Prechelt looked at many different things, like memory consumption, run time, and reliability of the programs. In those measures, the scripting languages did surprisingly well. Of course a well written C program will be faster than a well written Python program, but in this study there was a huge variability in the results and many of the Python programs were as fast as many of the C/C++ or Java programs. However, our interest is in programmer efficiency. Look at this graph:

Line of Code

It shows that the scripting languages (TCL, Rexx, Python and Perl) required an average of 98 lines of code to complete the program (not including comments). The non-scripting languages (C, C++, Java) needed around 277 lines. That is a huge difference. If you look at the shortest programs, the results are even more dramatic. The shortest C/C++ program was 150 lines, while the shortest Python script was 42 lines. That is 3.6 times more code for the C/C++ program.

There is a rule of thumb in programming that it takes about the same amount of time to program a line of code regardless of language. If true, this suggests that the script writers completed their task more quickly than the compiled language programmers. That was indeed the case. Here is the plot from Prechelt’s paper:

Programming Time

Sure enough, the same trend is seen. The average scripting time was 3.8 hours while the non-scripting languages are at 14.3 hours. The minimum reported times were 1.5 hours for Python and 10.5 hours for C/C++. We probably shouldn’t put much weight on the minimum values, since the times were self reported. But the averages are worth comparing. The scripting programs were developed 3.8x faster. That is amazing when you think about it. A task that might take a week of slogging in C could be done in a little over a day with Python.

Amazing, but True?

So how believable are these results?

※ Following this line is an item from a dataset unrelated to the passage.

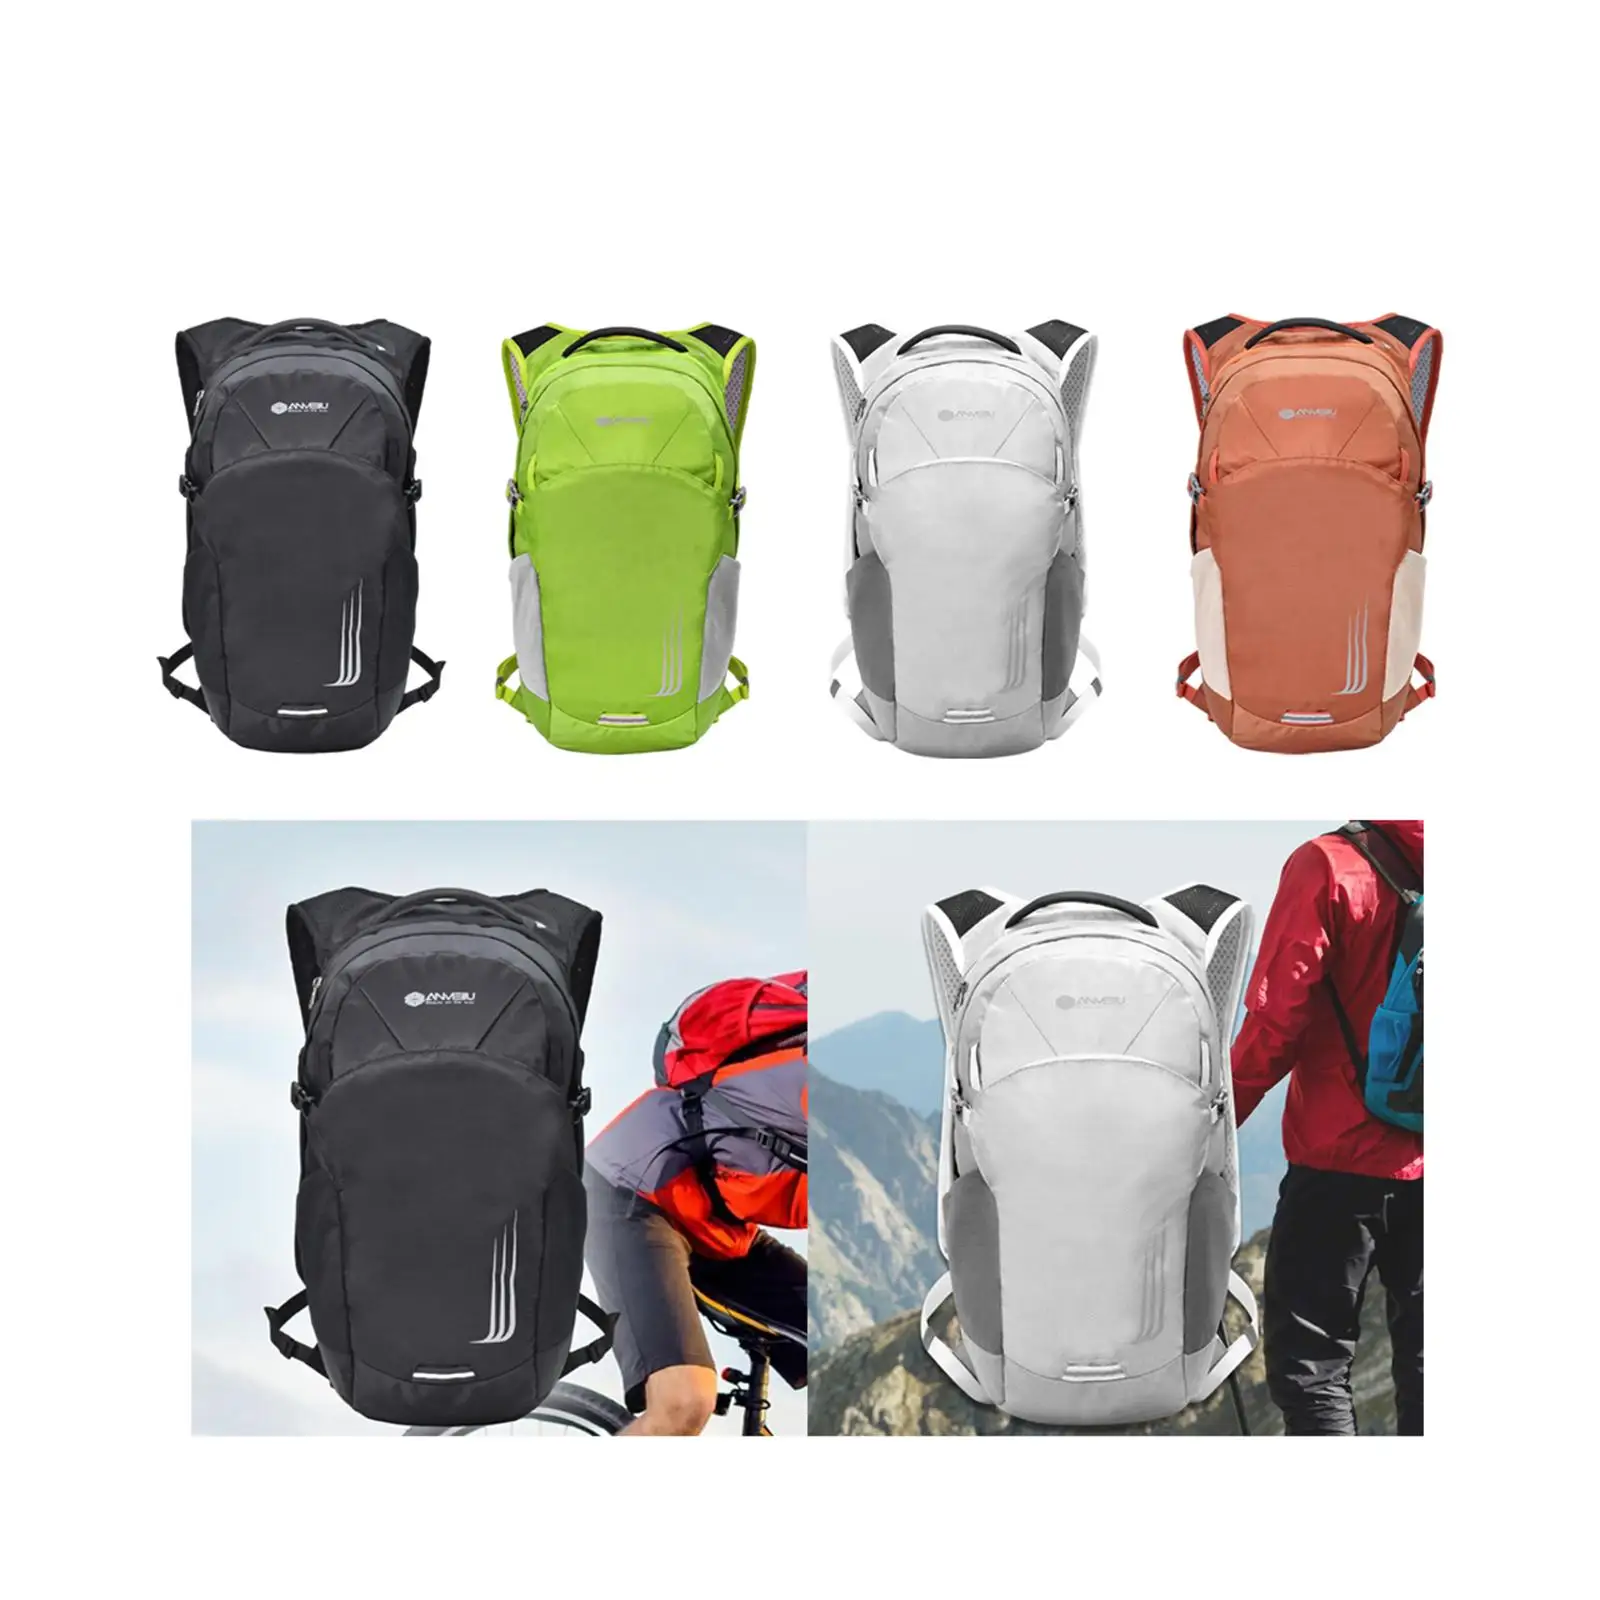 Hydration Backpack Adjustable Lightweight Water Bag Portable Water Storage Bag for Climbing Cycling Camping Biking Riding

If we trust Prof Prechelt’s methodology, they are believable for the phone-code problem, but do they apply to numerical programming? There is a hint in the paper:

The shorter program length of the script programs can
be explained by the fact that most of the actual search is
done simply by the hashing algorithm used internally by
the associative arrays. In contrast, the non-script programs
require most of the elementary steps of the search process
to be coded explicitly by the programmer. This is further
pronounced by the effort (or lack of it) for data structure
and variable declarations.

This suggests that the scripting languages were more efficient because they had high level tools, like associative arrays, that were well suited to the phone-code problem. One could argue that had suitable tools existed in the non-scripting languages, they would have enjoyed similar efficiencies.

There is a slight problem with this argument. Namely some of the non-scripting languages do have such tools, but the programmers didn’t use them:

It is an interesting observation that despite the existence
of hash table implementations in both the Java and
the C++ class libraries none of the non-script programmers
used them (but rather implemented a tree solution by hand),
whereas for the script programmers the hash tables built
into the language were the obvious choice.

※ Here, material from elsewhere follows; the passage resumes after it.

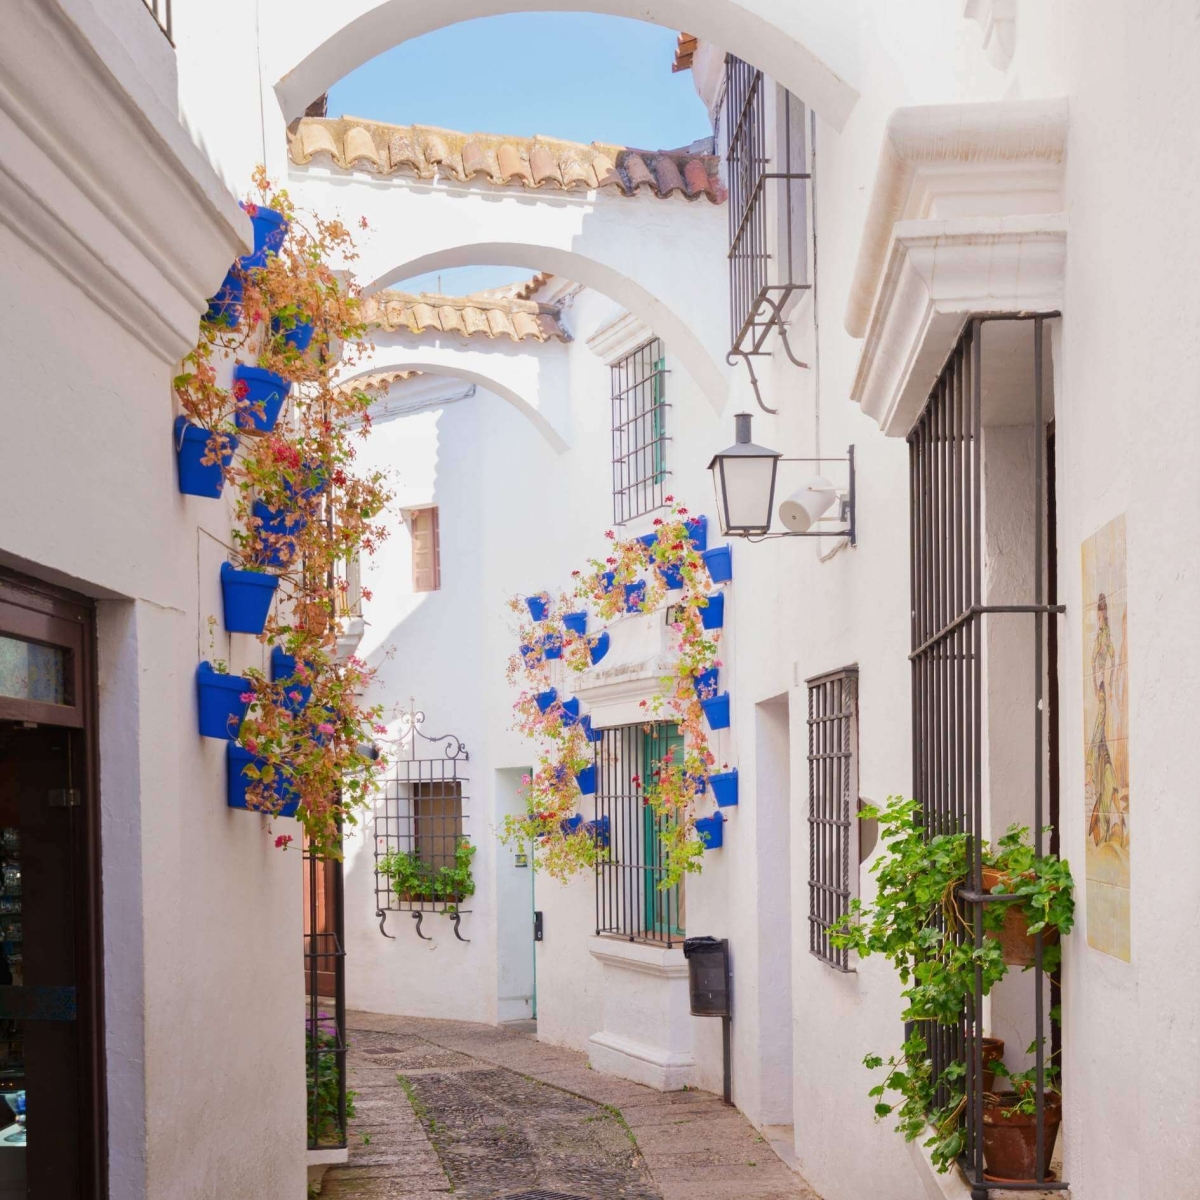 Poble Espanyol street, with traditional for Andalusia white walls, Barcelona, Catalonia, Spain

The implication of this is that it is not just the presence of high level tools that gives scripting languages their efficiency; it is also the ease with which you can use those tools. Python is a good example of this. After you import a module, you can access that module’s documentation from the command line:

>>>import somemodule >>>help(somemodule)

Not only is this very handy, it also encourages one to explore what is available in modules. In addition, the language is easy to read, so you can peruse the source code for additional insights. This greatly lowers the threshold for reusing other people’s code, and that is a great productivity booster.

What about Speed?

Scripting languages are slow, typically 10x to 100x slower than compiled languages, in terms of execution speed. Is it really helpful to create a numerical program in record time if it takes two months to run? Scripting advocates point to the Pareto principle: 20% of the routines take 80% of the execution time. Thus it makes sense to code everything in the scripting language, see where the bottlenecks are, and rewrite those in C, C++ or Fortran. Sounds good. I would like to try some experiments to see for myself.